[THE DATA]

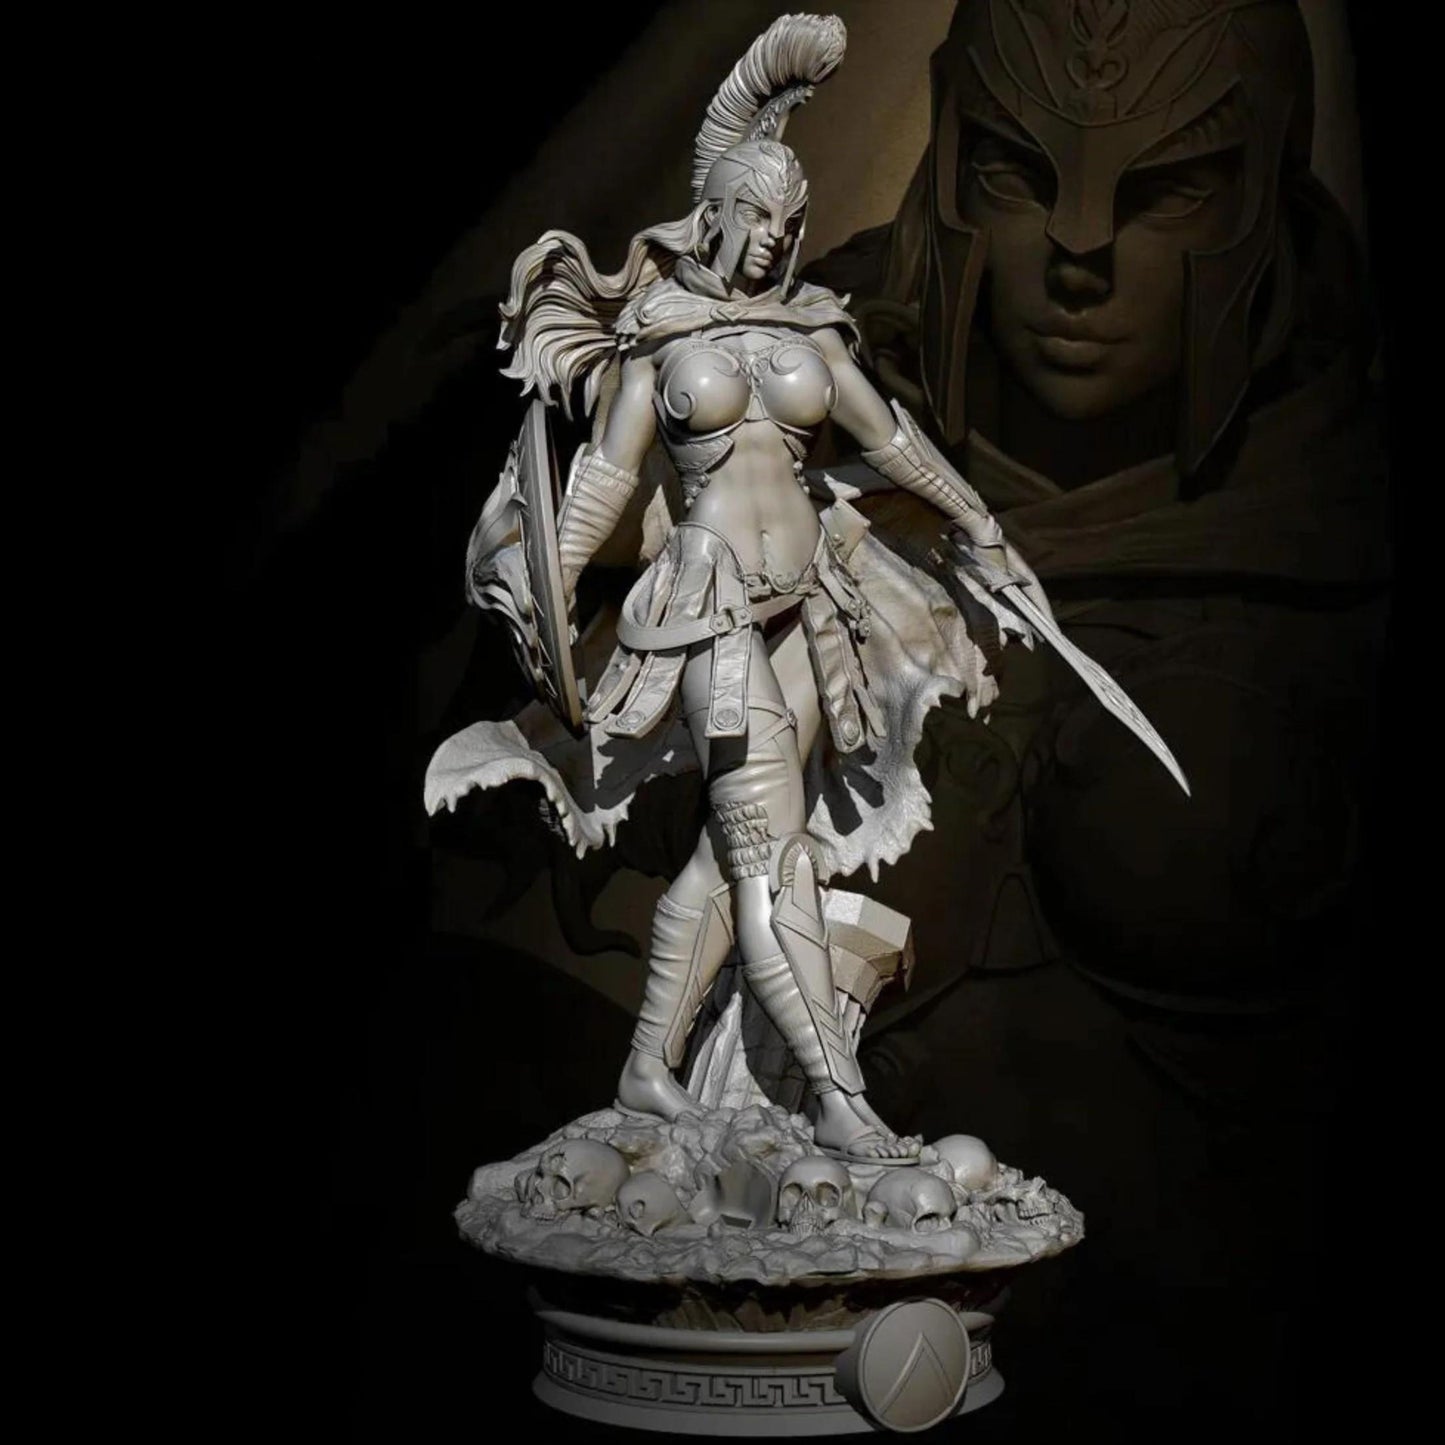 18+ Collector's 3D Printed Model: 1/24 Resin model kits DIY figure toy beauty self-assembled.
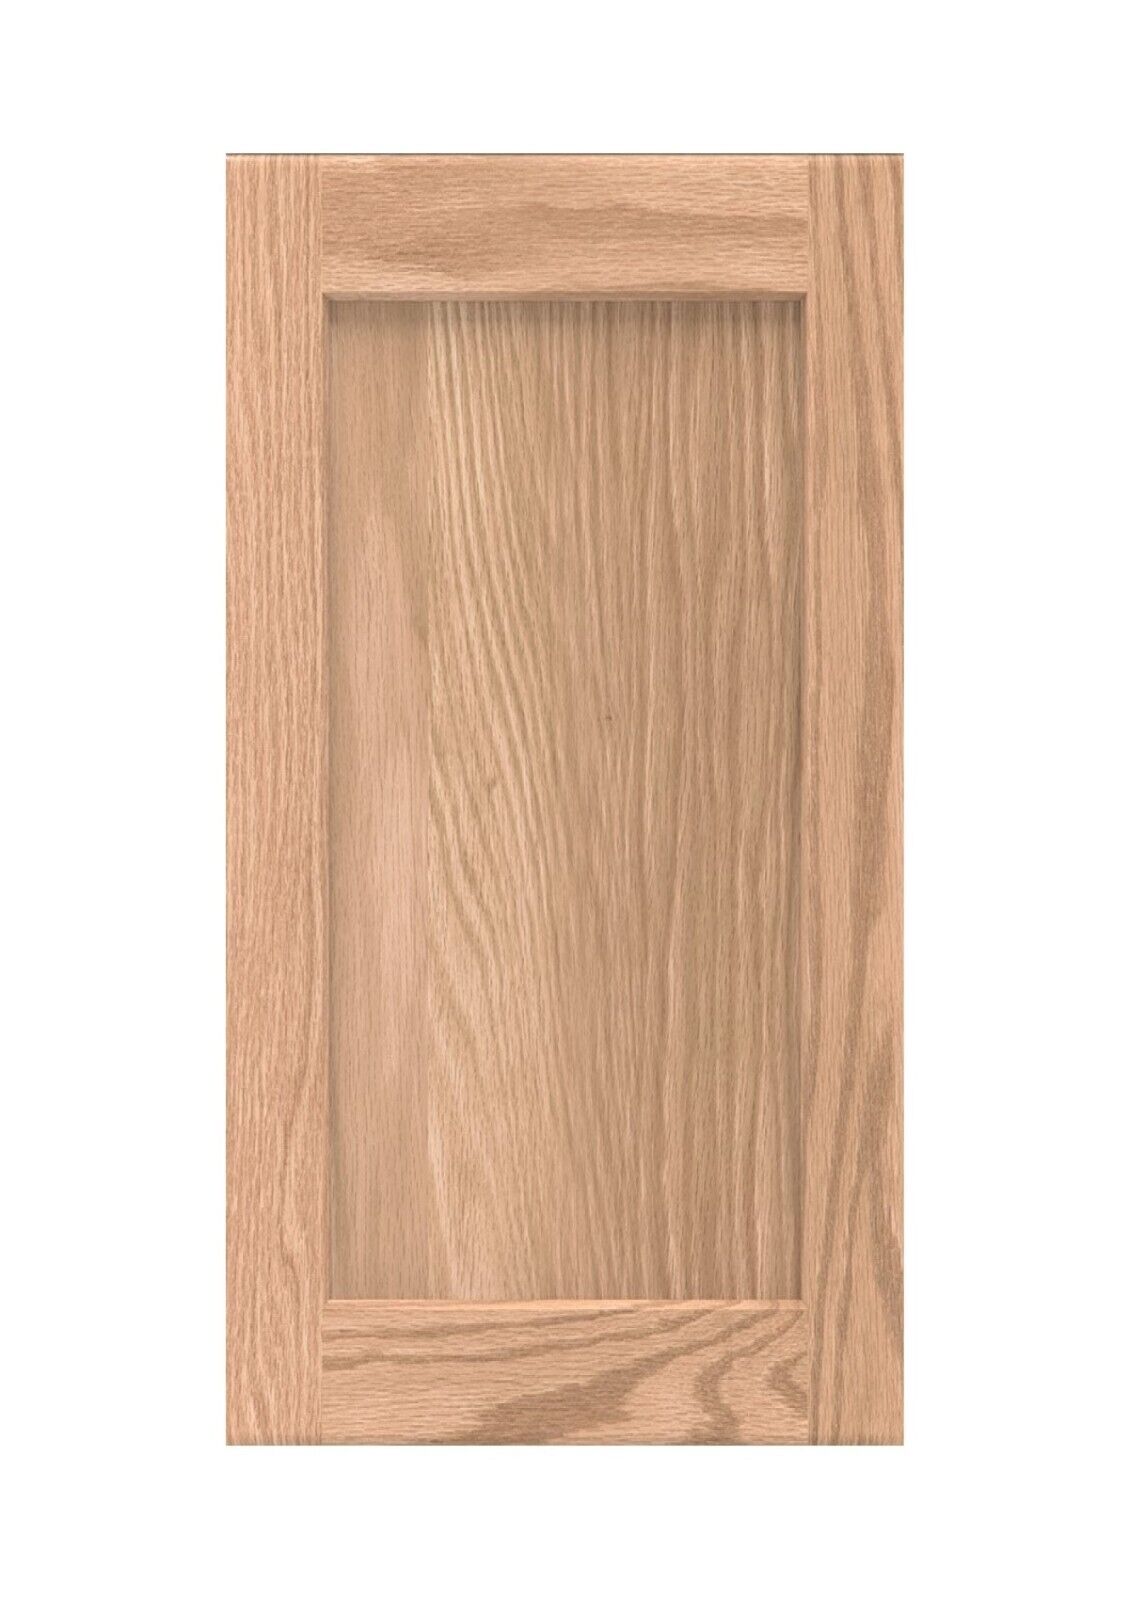 ONESTOCK Unfinished Kitchen Cabinet Door Front Replacements - Shaker Style
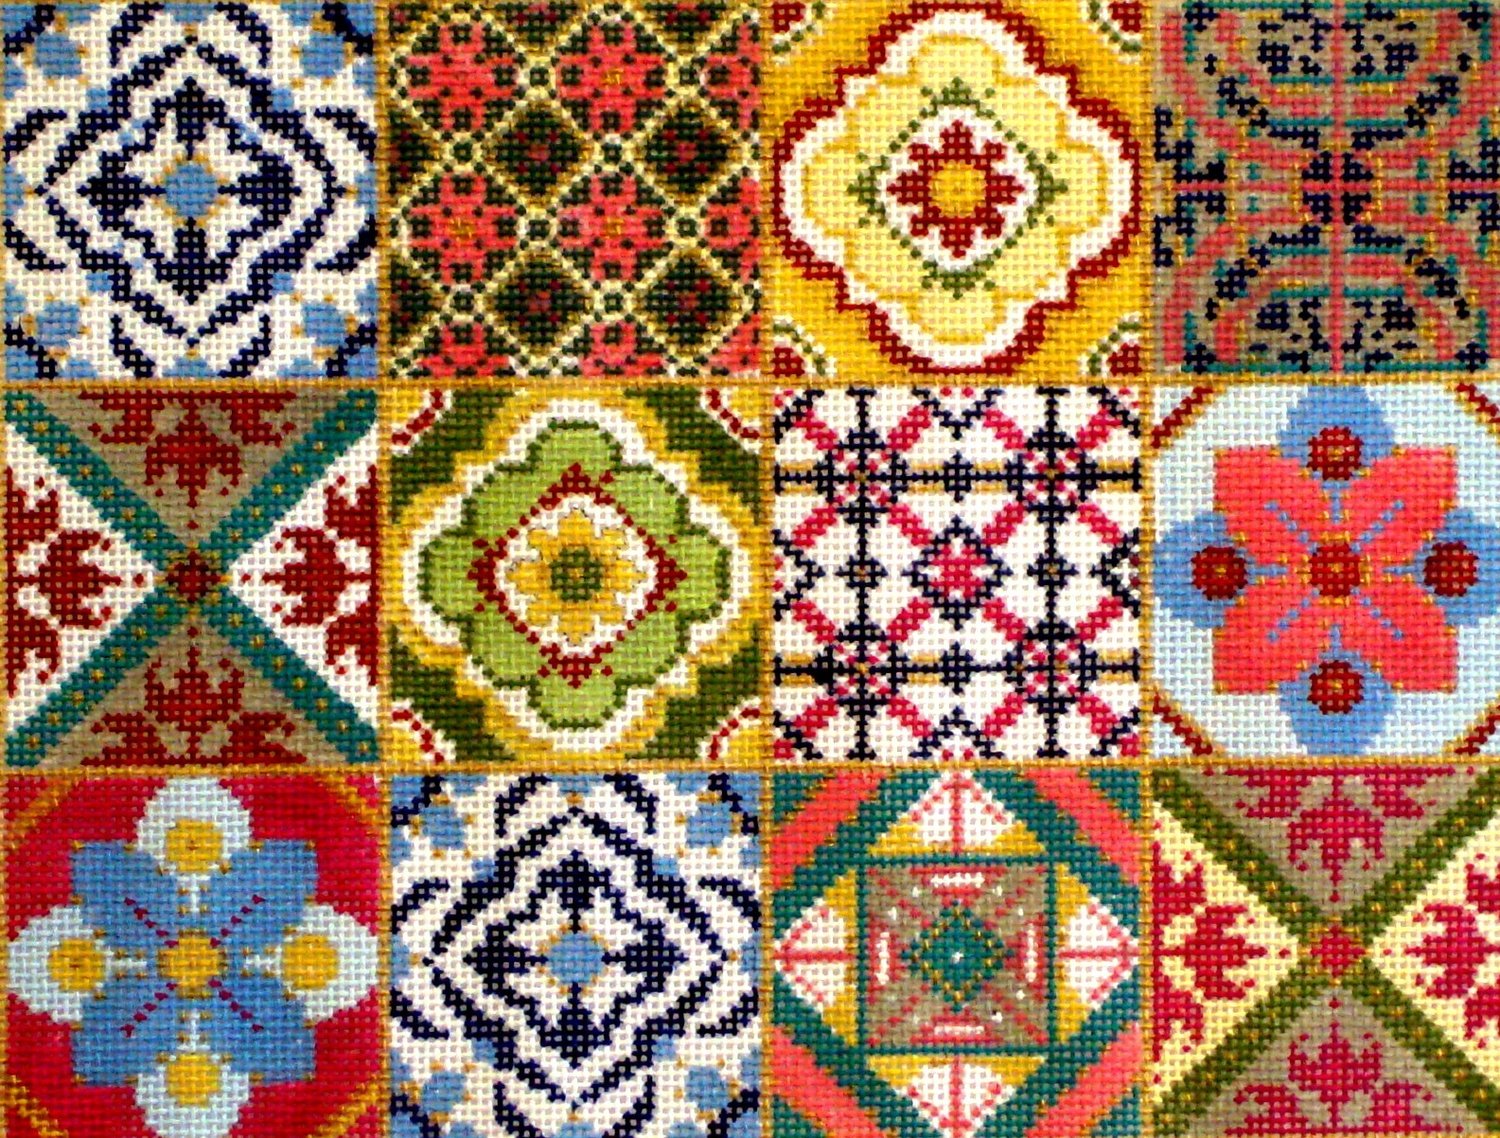 12 Square Patchwork  (handpainted by Alice Peterson)
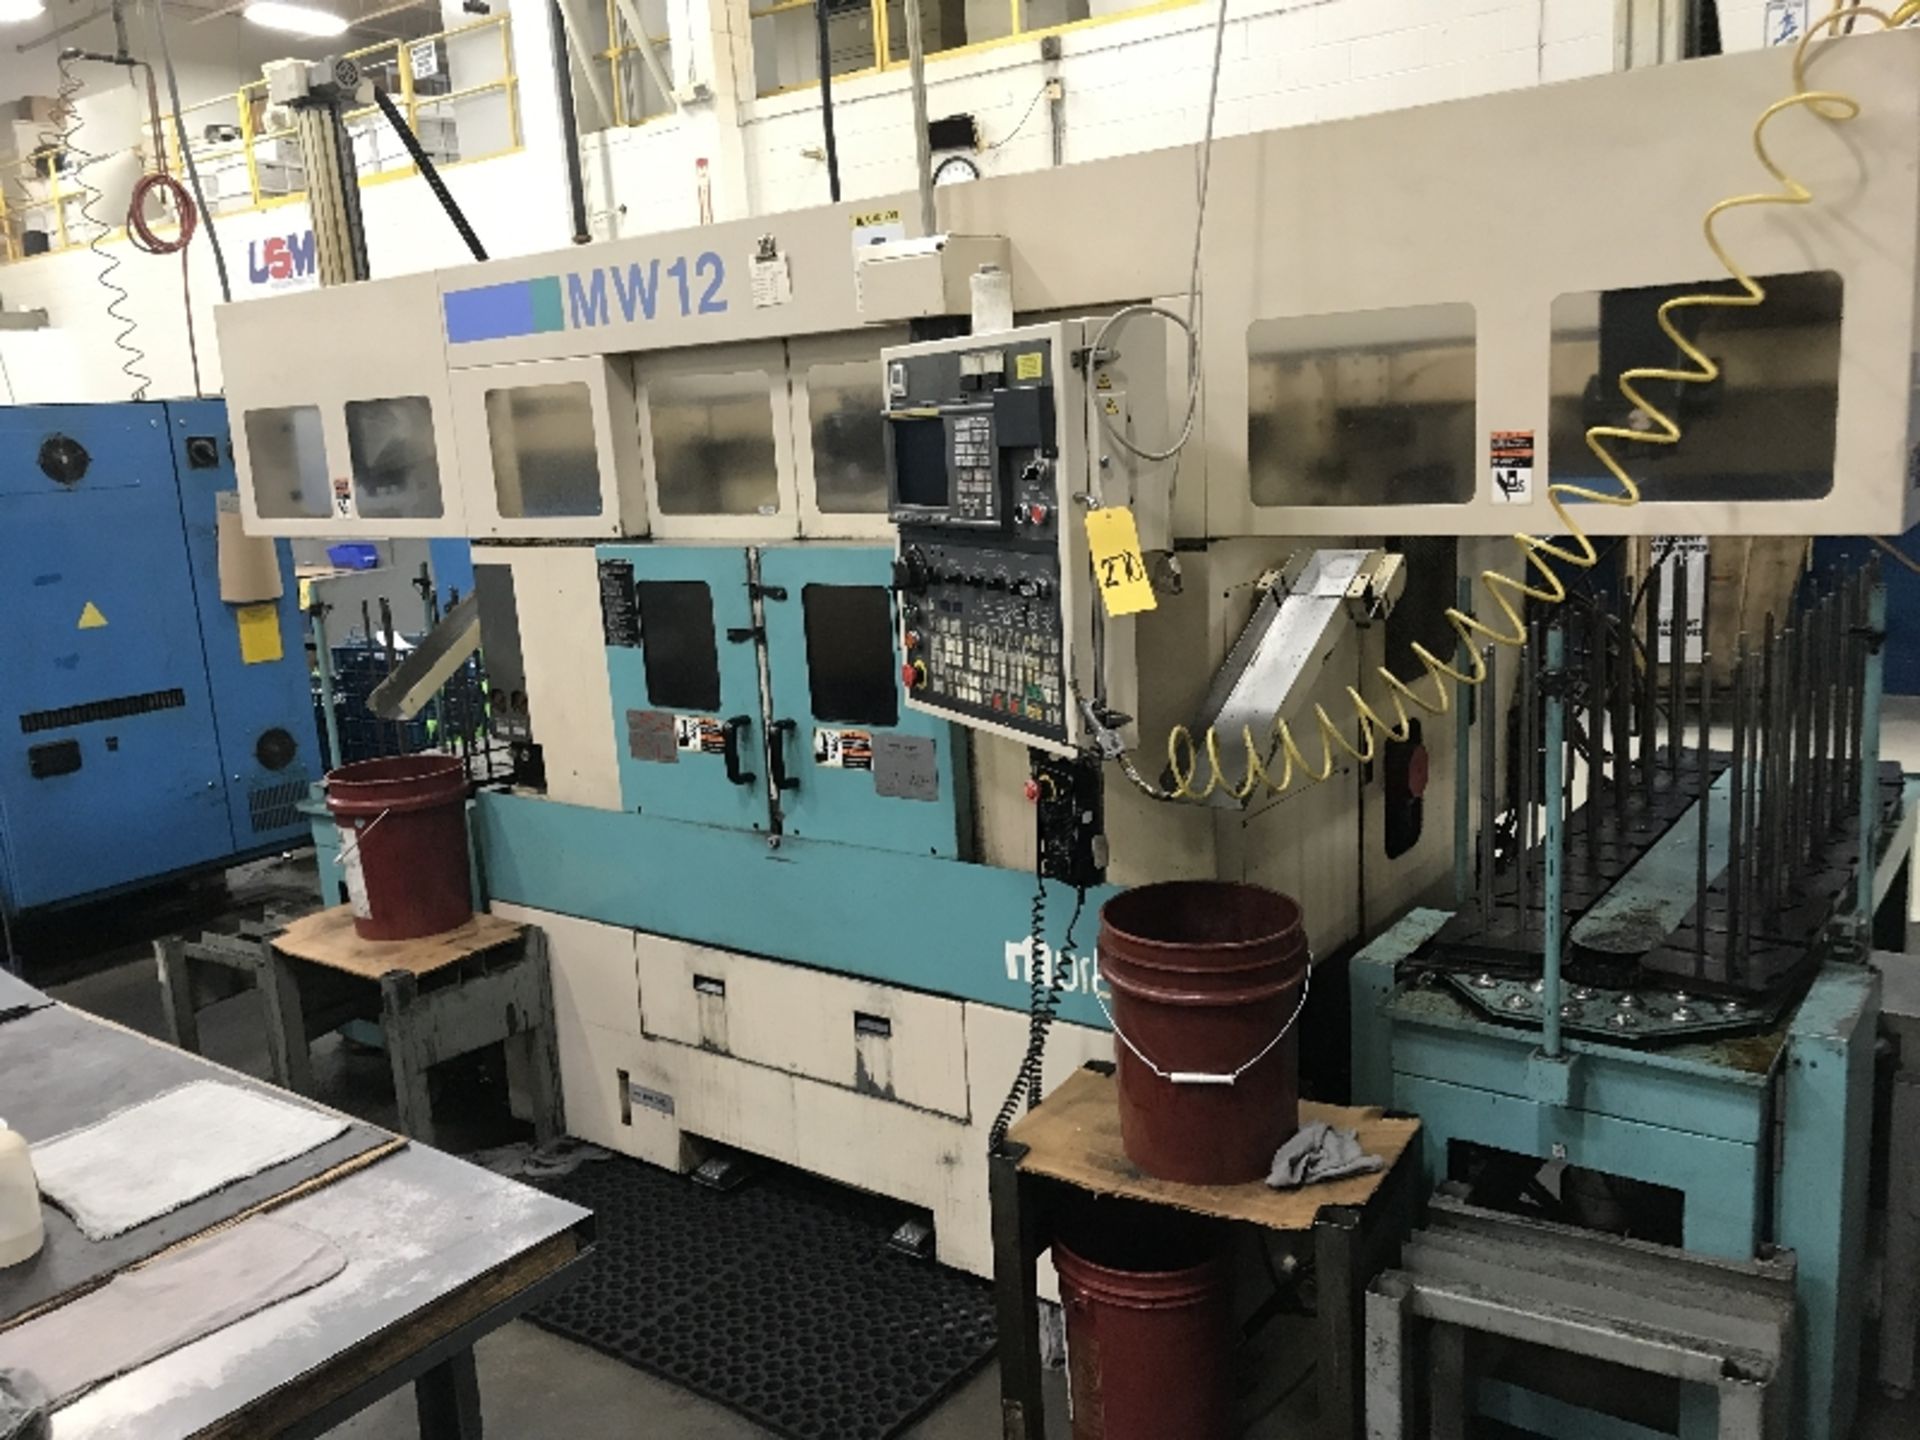 Murata Model: MW12, Twin Spindle Lath, SN: 9KX83843301, (1998), Equipped with Dual Pick & Place

[/THE DATA]

Please reproduce the data above word for word, skipping all images.

 18+ Collector's 3D Printed Model: 1/24 Resin model kits DIY figure toy beauty self-assembled.
 ONESTOCK Unfinished Kitchen Cabinet Door Front Replacements - Shaker Style
 12 Square Patchwork  (handpainted by Alice Peterson)
 Murata Model: MW12, Twin Spindle Lath, SN: 9KX83843301, (1998), Equipped with Dual Pick & Place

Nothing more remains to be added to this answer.